About this task
In the data below, the answer is the run of lines from the line containing "说说心里话!香港青年发出理性声音" through the line containing "券后409.00元14寸吃鸡", both included; print it exactly and nothing else.
*** Opening of Available records ***
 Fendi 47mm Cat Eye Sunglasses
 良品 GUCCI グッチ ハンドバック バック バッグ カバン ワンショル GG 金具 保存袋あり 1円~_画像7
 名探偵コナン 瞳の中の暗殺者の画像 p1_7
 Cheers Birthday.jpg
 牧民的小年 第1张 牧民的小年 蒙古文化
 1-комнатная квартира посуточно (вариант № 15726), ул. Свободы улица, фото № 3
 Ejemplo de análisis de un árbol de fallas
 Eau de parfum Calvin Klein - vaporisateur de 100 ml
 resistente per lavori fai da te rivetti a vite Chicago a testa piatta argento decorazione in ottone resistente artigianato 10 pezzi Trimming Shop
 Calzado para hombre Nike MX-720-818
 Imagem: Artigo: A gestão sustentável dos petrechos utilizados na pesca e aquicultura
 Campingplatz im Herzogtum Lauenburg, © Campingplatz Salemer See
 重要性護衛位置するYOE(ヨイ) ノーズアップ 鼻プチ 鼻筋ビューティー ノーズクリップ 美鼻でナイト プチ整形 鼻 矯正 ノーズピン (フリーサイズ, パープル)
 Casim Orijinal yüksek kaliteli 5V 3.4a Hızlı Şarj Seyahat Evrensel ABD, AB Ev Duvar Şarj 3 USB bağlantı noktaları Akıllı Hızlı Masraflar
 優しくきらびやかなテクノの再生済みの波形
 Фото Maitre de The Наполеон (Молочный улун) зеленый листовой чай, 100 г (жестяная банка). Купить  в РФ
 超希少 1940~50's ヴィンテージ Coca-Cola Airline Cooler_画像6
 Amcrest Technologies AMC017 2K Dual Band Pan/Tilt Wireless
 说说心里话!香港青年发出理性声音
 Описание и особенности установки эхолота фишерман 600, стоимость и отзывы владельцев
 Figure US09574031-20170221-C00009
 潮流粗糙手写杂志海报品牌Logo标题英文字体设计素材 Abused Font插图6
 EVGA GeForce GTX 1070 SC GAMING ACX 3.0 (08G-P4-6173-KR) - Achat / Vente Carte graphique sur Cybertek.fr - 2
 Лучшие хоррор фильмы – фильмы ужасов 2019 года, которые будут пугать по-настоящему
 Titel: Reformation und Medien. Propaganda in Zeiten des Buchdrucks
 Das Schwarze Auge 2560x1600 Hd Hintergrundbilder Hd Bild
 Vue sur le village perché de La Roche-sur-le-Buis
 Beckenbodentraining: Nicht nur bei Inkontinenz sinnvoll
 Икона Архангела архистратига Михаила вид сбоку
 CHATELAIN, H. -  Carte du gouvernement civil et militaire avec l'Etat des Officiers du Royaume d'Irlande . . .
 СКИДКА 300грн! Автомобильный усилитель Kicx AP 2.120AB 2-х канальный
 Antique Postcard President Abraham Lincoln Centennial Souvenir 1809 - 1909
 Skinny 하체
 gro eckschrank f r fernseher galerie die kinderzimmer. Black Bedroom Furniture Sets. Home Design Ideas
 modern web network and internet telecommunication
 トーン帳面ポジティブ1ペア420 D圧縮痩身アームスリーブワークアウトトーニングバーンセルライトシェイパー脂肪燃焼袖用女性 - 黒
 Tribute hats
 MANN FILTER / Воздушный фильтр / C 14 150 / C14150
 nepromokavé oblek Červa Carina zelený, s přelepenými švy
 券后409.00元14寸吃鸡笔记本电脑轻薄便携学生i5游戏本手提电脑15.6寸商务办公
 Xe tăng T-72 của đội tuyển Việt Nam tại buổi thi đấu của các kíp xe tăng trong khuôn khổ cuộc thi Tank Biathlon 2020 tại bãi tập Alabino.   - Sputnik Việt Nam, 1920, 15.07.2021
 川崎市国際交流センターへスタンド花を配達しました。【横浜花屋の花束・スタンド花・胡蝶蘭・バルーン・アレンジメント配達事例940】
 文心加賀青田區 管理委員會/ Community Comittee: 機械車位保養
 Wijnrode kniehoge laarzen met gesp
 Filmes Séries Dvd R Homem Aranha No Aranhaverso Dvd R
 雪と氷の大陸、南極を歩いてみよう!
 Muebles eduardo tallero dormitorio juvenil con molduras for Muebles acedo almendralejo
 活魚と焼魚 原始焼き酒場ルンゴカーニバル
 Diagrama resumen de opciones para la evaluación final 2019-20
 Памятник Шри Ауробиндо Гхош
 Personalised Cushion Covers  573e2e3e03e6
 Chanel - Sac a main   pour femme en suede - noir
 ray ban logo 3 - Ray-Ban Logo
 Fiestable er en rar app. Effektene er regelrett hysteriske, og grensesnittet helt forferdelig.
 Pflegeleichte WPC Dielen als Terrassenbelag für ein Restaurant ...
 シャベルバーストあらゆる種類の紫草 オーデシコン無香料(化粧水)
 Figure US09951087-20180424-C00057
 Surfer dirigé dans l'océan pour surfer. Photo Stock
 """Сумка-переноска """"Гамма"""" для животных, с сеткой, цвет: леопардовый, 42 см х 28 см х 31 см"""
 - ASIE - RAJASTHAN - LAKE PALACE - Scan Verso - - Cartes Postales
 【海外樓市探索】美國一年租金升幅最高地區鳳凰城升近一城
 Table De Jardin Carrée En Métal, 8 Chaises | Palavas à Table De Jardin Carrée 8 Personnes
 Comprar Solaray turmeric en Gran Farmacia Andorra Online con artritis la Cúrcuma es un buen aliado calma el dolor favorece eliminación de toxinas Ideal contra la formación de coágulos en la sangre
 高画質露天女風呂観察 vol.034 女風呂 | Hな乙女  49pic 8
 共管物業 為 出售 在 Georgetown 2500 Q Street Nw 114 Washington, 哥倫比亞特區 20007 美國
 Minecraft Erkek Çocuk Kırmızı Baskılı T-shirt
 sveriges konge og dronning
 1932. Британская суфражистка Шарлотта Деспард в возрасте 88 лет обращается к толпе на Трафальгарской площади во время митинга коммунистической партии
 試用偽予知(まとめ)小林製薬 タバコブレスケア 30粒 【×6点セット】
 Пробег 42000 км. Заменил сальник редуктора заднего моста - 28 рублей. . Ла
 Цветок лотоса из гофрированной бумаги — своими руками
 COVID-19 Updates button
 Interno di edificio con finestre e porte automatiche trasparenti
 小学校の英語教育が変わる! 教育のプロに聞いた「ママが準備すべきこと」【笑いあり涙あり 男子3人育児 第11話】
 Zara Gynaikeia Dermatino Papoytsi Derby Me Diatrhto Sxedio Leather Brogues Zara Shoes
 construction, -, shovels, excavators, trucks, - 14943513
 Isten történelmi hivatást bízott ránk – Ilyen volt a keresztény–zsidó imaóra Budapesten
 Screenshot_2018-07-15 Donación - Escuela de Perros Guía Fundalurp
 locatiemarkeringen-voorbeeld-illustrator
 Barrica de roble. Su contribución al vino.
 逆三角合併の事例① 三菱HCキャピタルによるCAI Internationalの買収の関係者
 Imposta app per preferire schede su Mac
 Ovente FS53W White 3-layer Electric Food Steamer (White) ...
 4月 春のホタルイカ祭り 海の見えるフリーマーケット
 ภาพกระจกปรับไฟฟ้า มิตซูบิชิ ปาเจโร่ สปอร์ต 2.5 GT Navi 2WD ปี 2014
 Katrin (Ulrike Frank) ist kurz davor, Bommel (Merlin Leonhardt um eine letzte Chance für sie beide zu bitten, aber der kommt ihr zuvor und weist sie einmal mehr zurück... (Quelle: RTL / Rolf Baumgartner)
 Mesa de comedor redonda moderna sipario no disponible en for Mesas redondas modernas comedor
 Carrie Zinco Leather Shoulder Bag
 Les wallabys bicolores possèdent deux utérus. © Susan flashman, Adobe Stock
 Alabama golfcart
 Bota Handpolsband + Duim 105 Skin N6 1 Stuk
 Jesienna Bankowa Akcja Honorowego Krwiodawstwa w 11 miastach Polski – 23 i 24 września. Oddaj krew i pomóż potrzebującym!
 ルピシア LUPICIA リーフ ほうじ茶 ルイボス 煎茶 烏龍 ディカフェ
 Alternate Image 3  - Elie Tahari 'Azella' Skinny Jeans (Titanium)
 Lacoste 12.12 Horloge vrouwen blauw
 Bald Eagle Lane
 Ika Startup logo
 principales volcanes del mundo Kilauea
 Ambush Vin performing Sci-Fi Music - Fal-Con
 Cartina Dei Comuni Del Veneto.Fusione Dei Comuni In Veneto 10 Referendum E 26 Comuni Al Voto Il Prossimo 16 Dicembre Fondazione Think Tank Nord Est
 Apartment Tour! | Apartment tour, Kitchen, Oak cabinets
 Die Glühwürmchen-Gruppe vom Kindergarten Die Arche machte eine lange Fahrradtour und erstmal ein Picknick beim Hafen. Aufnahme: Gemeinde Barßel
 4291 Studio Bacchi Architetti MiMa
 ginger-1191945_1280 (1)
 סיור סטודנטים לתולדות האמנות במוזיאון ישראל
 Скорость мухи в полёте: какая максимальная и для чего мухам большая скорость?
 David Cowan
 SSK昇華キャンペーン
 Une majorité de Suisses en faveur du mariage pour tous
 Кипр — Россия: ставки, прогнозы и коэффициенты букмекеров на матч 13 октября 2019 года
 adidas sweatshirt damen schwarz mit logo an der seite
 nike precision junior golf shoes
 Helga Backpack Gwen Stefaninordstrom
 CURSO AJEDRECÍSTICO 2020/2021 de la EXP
*** Close of Available records ***
The answer
 说说心里话!香港青年发出理性声音
 Описание и особенности установки эхолота фишерман 600, стоимость и отзывы владельцев
 Figure US09574031-20170221-C00009
 潮流粗糙手写杂志海报品牌Logo标题英文字体设计素材 Abused Font插图6
 EVGA GeForce GTX 1070 SC GAMING ACX 3.0 (08G-P4-6173-KR) - Achat / Vente Carte graphique sur Cybertek.fr - 2
 Лучшие хоррор фильмы – фильмы ужасов 2019 года, которые будут пугать по-настоящему
 Titel: Reformation und Medien. Propaganda in Zeiten des Buchdrucks
 Das Schwarze Auge 2560x1600 Hd Hintergrundbilder Hd Bild
 Vue sur le village perché de La Roche-sur-le-Buis
 Beckenbodentraining: Nicht nur bei Inkontinenz sinnvoll
 Икона Архангела архистратига Михаила вид сбоку
 CHATELAIN, H. -  Carte du gouvernement civil et militaire avec l'Etat des Officiers du Royaume d'Irlande . . .
 СКИДКА 300грн! Автомобильный усилитель Kicx AP 2.120AB 2-х канальный
 Antique Postcard President Abraham Lincoln Centennial Souvenir 1809 - 1909
 Skinny 하체
 gro eckschrank f r fernseher galerie die kinderzimmer. Black Bedroom Furniture Sets. Home Design Ideas
 modern web network and internet telecommunication
 トーン帳面ポジティブ1ペア420 D圧縮痩身アームスリーブワークアウトトーニングバーンセルライトシェイパー脂肪燃焼袖用女性 - 黒
 Tribute hats
 MANN FILTER / Воздушный фильтр / C 14 150 / C14150
 nepromokavé oblek Červa Carina zelený, s přelepenými švy
 券后409.00元14寸吃鸡笔记本电脑轻薄便携学生i5游戏本手提电脑15.6寸商务办公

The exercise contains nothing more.